• Exercise
Copy the listing below exactly. Pictures stay out of it.
-------- Recorded data --------
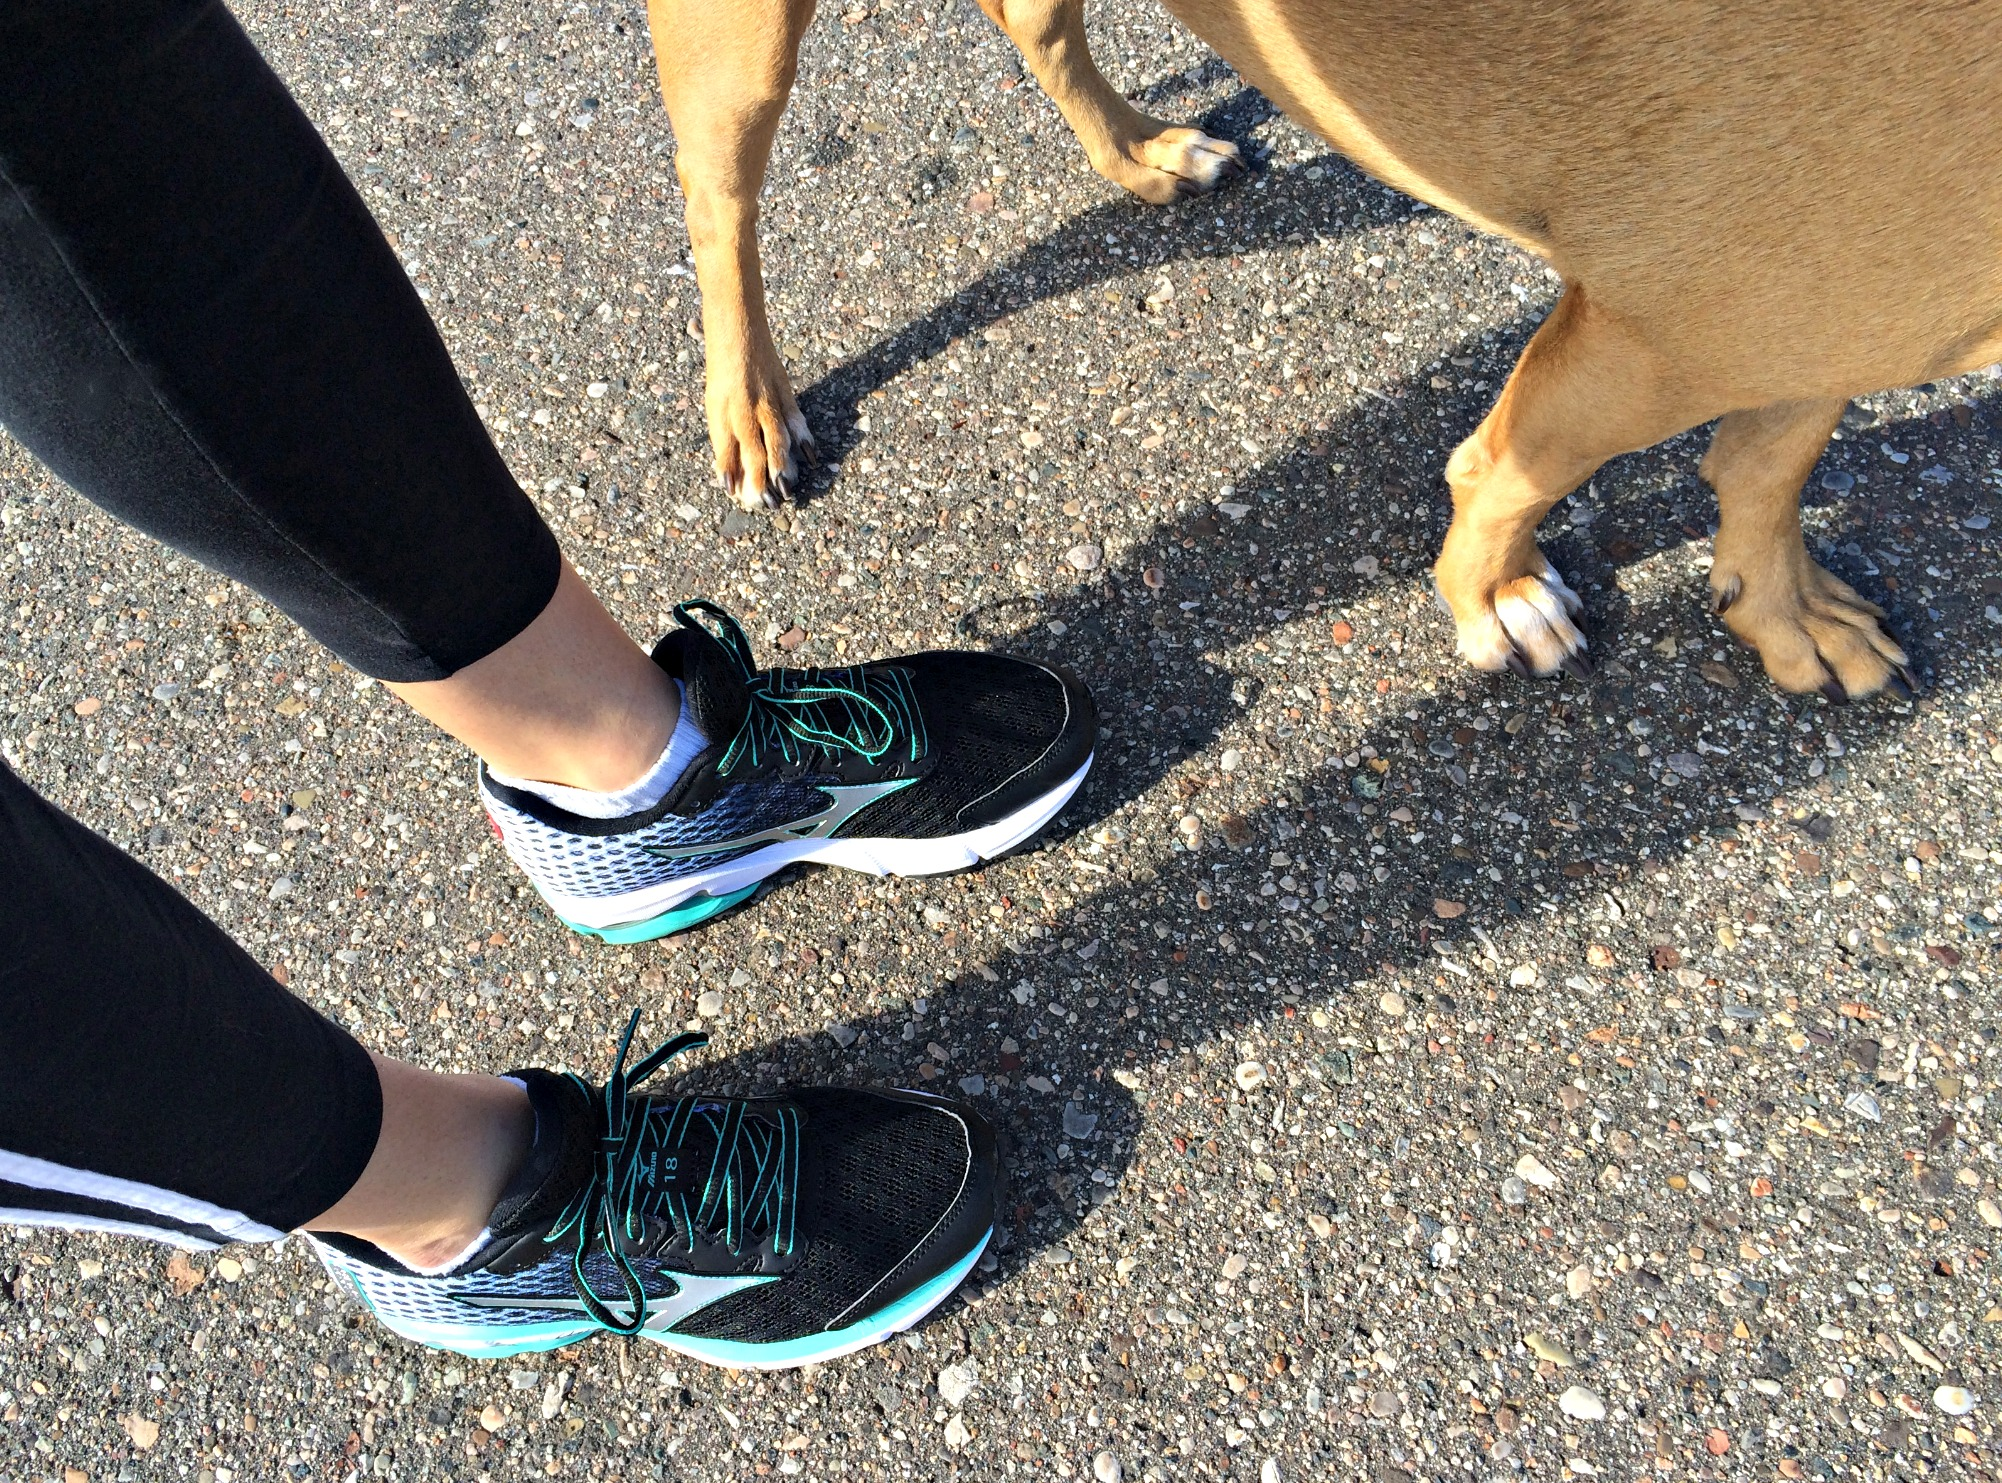 Training Run in Mizuno WaveRunner18 sneakers Thursday
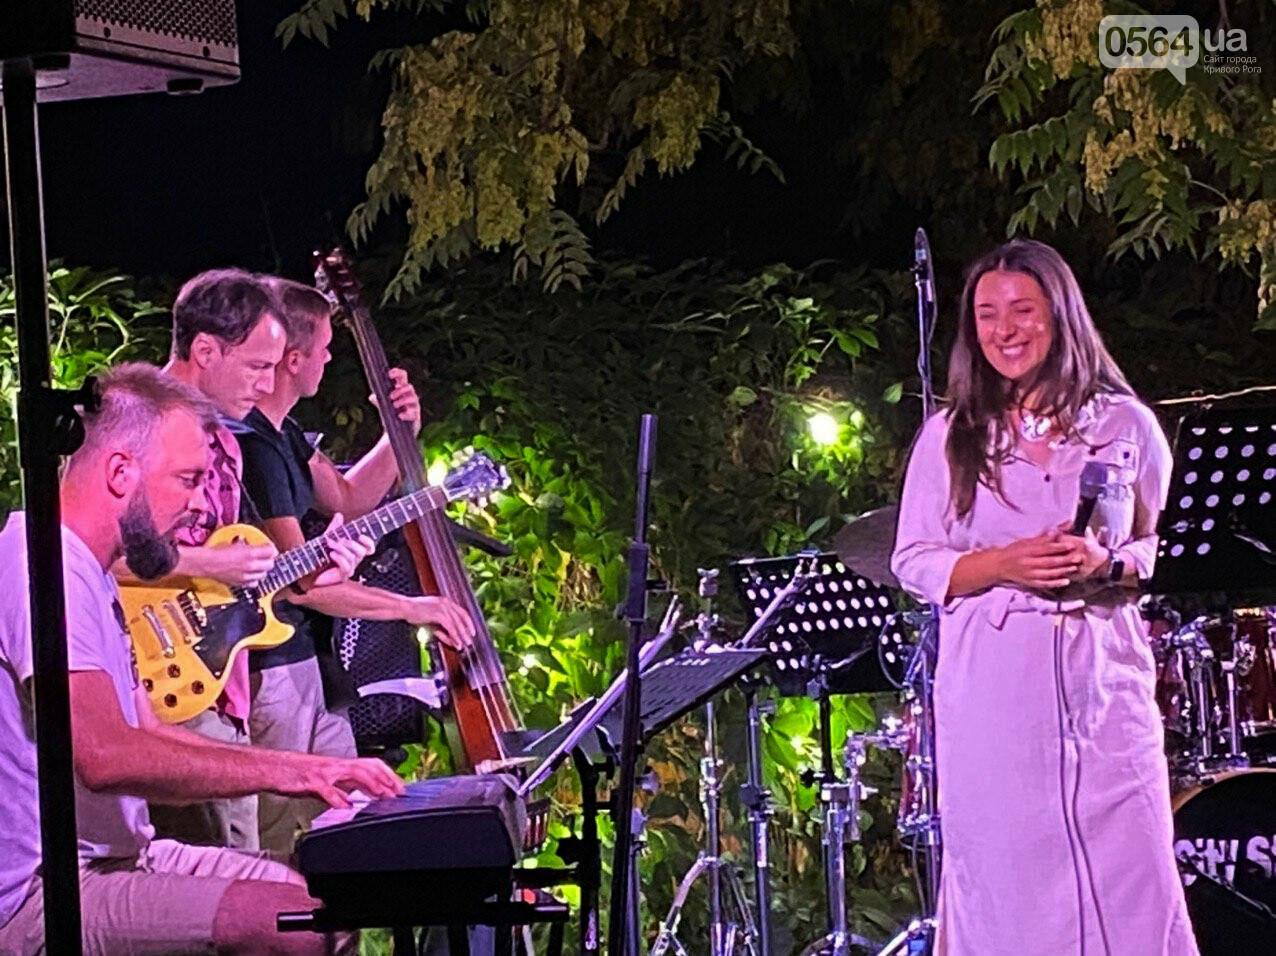 Под звездным небом криворожане наслаждались летним джазом от  Advantage Project, - ФОТО, ВИДЕО , фото-62
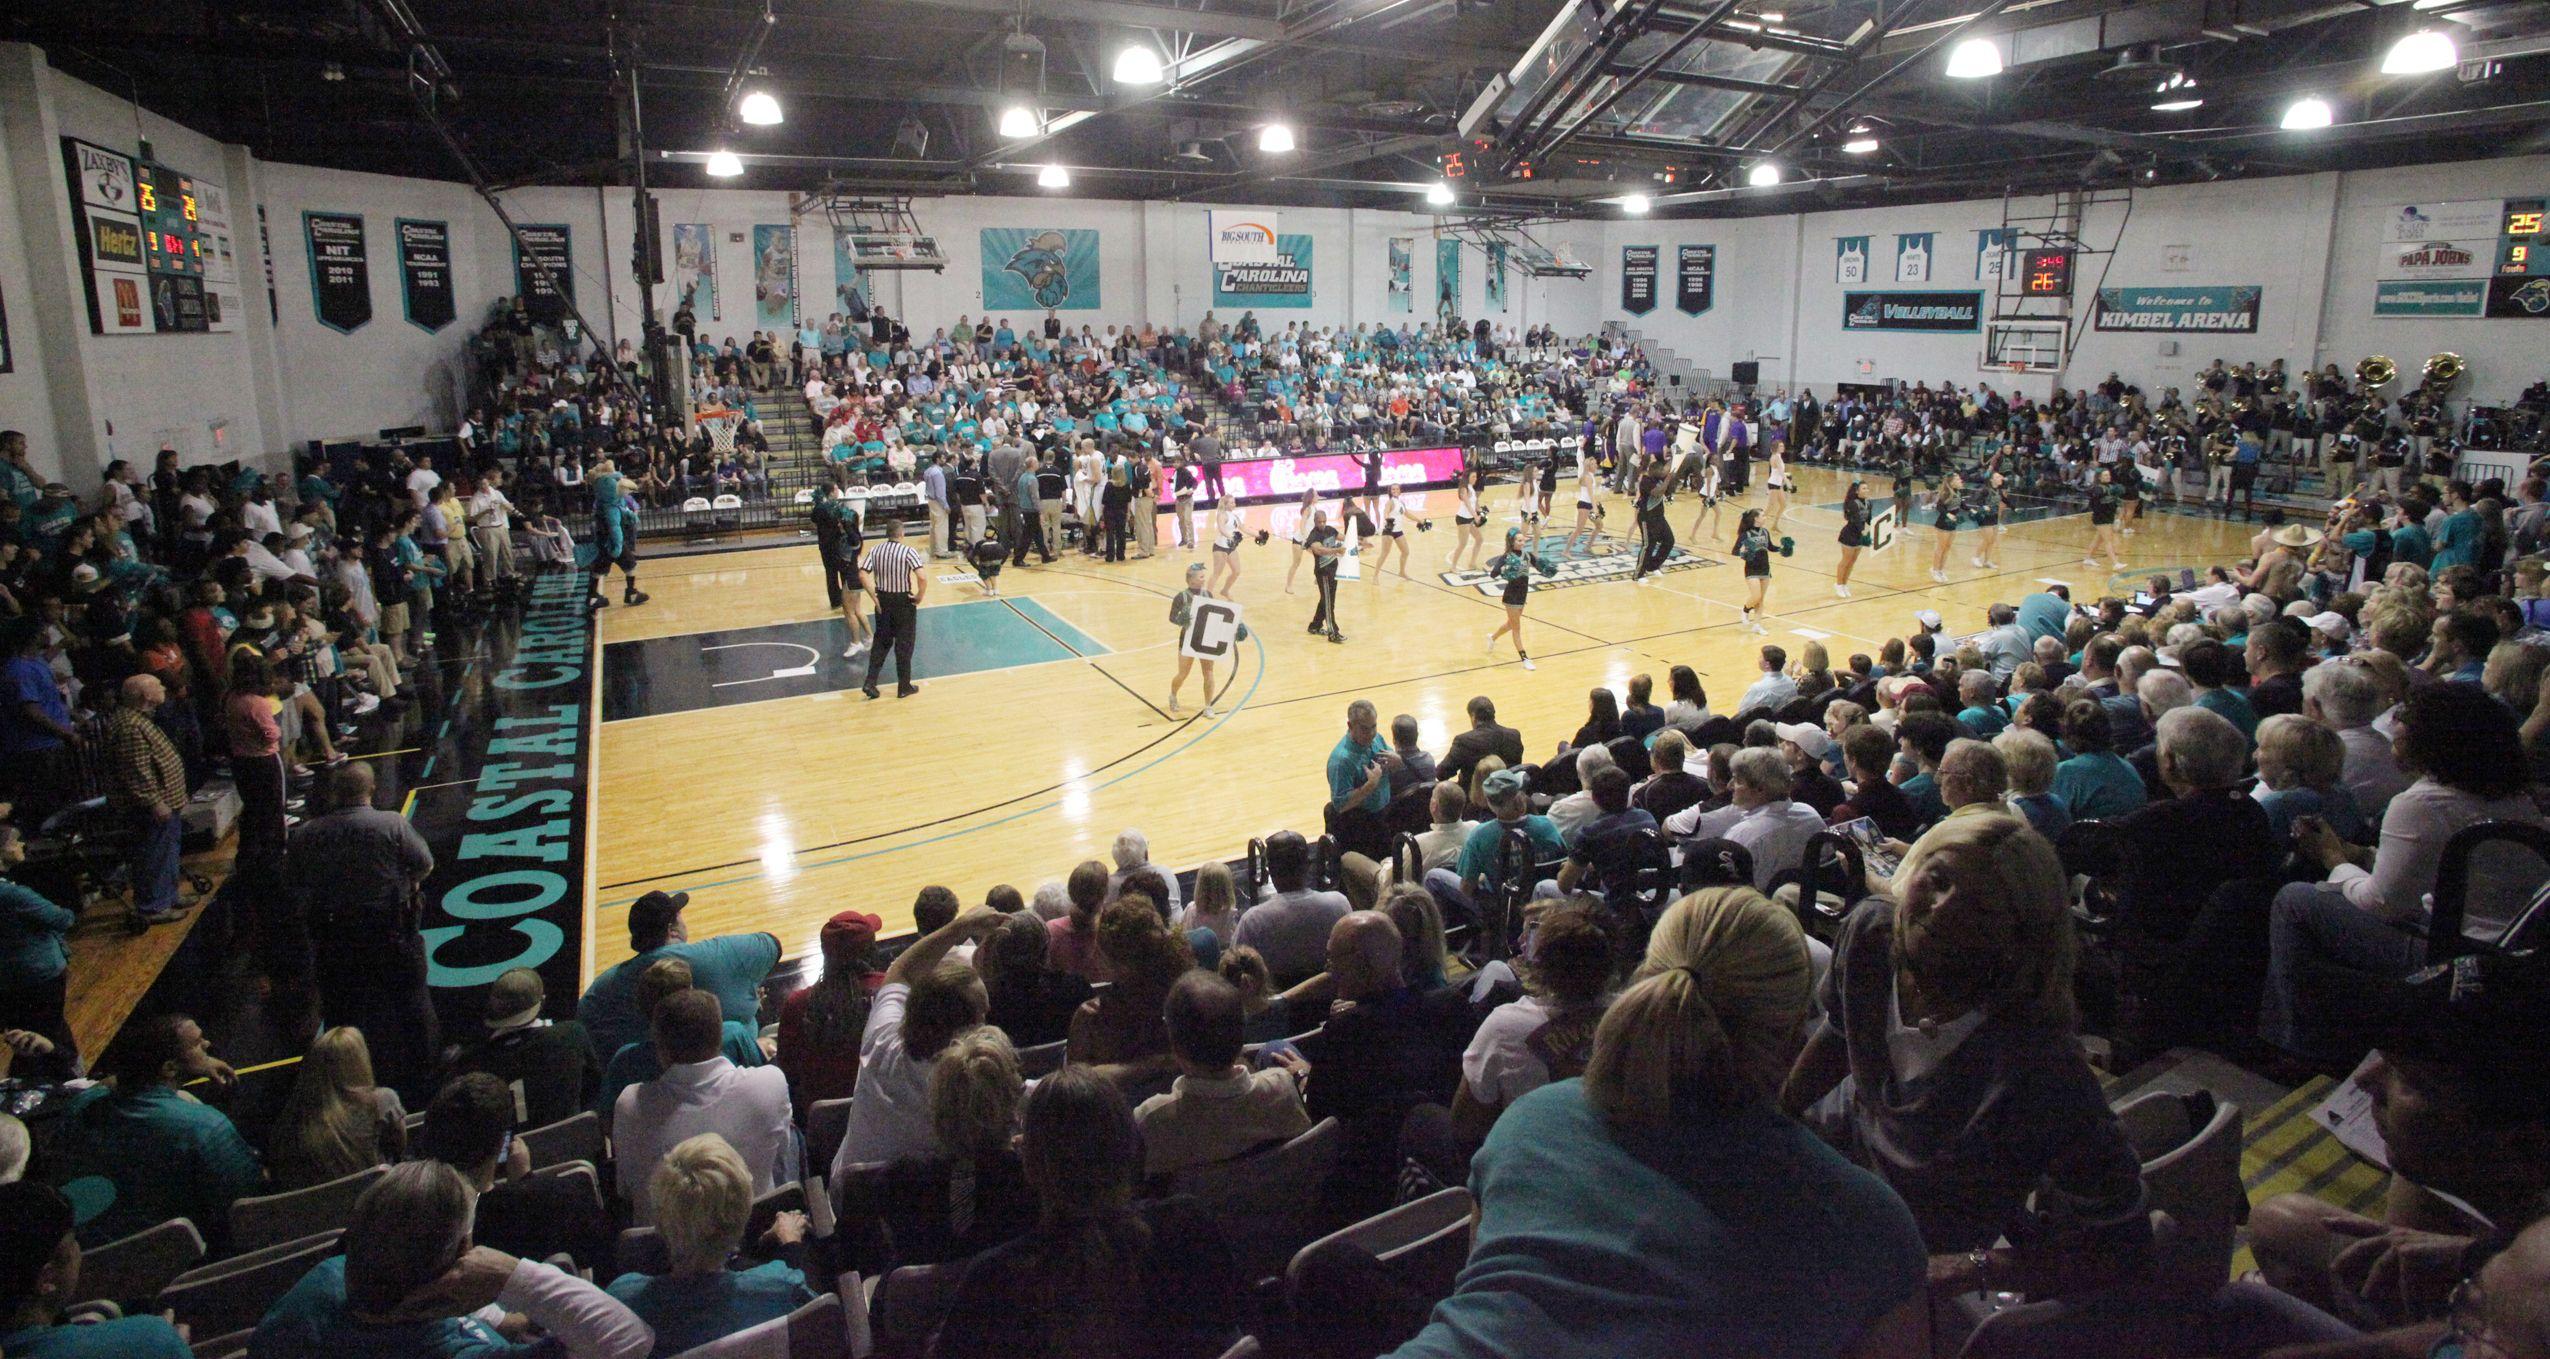 Kimbel Arena Former Home Of Volleyball Men And Women S Basketball Oh The Good Times We Share Coastal Carolina University Womens Basketball Coastal Carolina
--------
• Result below
 Training Run in Mizuno WaveRunner18 sneakers Thursday
 Под звездным небом криворожане наслаждались летним джазом от  Advantage Project, - ФОТО, ВИДЕО , фото-62
 Kimbel Arena Former Home Of Volleyball Men And Women S Basketball Oh The Good Times We Share Coastal Carolina University Womens Basketball Coastal Carolina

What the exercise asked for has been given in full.